Тотчас в загудевшем зале начиналось оживление, записок на сцену наносило больше, чем профессор мог разобрать до конца сеанса. Однако мэтр, с привычной сноровкой рассортировав бумажные квадратики и завитки (долгожительница тем временем стояла совершенно неподвижно и имела вид непроницаемой преграды на пути любой человеческой мысли о ее терапевтической поэзии), выделял наиболее частые диагнозы и принимал руководство чтением целиком на себя. Тут выяснялось, что от желудка помогает элегия, обвязанная по правому краю изысканным орнаментом рифмы и имеющая предметом давний поцелуй в ненатуральном, как цветочный магазин, лирическом саду; от давления читалась баллада, длинная, будто таблица умножения, где два средневековых короля, один прекрасный, а другой ужасный, без конца перемножались в шахматно срифмованных четверостишиях и глубоких тайных зеркалах, а то, что разомлевшие Кузнецовы слушали от воспаления придатков, было буквально сокровищницей, настолько легко все, к чему прикасалось перо долгожительницы, превращалось в изумруды и рубины, и даже простецкий воробей, почему-то залетевший в эти поэтические, устрашающим муаром облаков подернутые небеса, сделался по слову поэтессы золотой фигуркой и, надо полагать, немедленно брякнулся в общий сундук.

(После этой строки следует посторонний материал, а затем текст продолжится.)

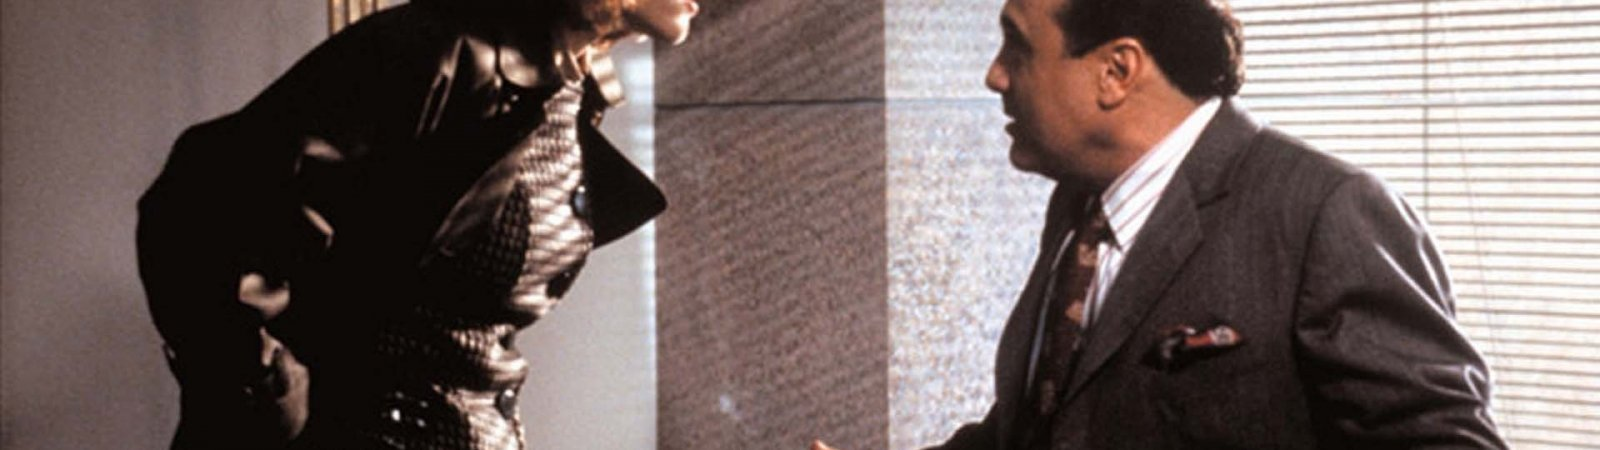 Photo du film : Larry le liquidateur

Никто вокруг не понимал, отчего со сцены разливается такое яркое счастье; женщины, которым предлагалось нечто, бывшее одновременно от болезней и про любовь, смутно чувствовали, что получают именно то, чего хотят. С иными случалась истерика; симпатичная толстушка, на щеках у которой блестели, будто елочный дождик, дорожки от слез, едва не прорвалась на сцену, чтобы спеть: ее удачно перехватил и обволок учтивым бормотанием помощник профессора, материализовавшийся из полутьмы не сразу, а отдельными контрастными частями, что было похоже на кино. Профессору стоило труда призвать аудиторию к относительному порядку: он поднимался на цыпочки и взмахивал руками, будто пытался повесить на высокую веревку невидимое полотенце. Наконец, добившись тишины, профессор переходил к самой важной части своего выступления и сообщал, что единого универсального рецепта долголетия не существует. То, что говорилось сегодня о дыхательных тренировках и необходимости пить попеременно холодную и теплую воду, безусловно, полезно и поможет каждому, и все, кто сидели в этом зале, будут в ближайшие годы заметно молодеть. Но чтобы достигнуть идеального соответствия своему настоящему возрасту (тут аудитория обращала взгляды на румяную шестидесятилетнюю блондинку со щеками, как две пол-литровые банки варенья), желателен индивидуальный оздоровительный режим и специальные, для каждого отдельно составленные белые стихи. Тех, кто готов позаботиться о себе до конца, профессор приглашал на свои персональные консультации в такой-то номер гостиницы “Север”. Также он сообщал, что книга его уважаемой ассистентки свободно продается на выходе в фойе.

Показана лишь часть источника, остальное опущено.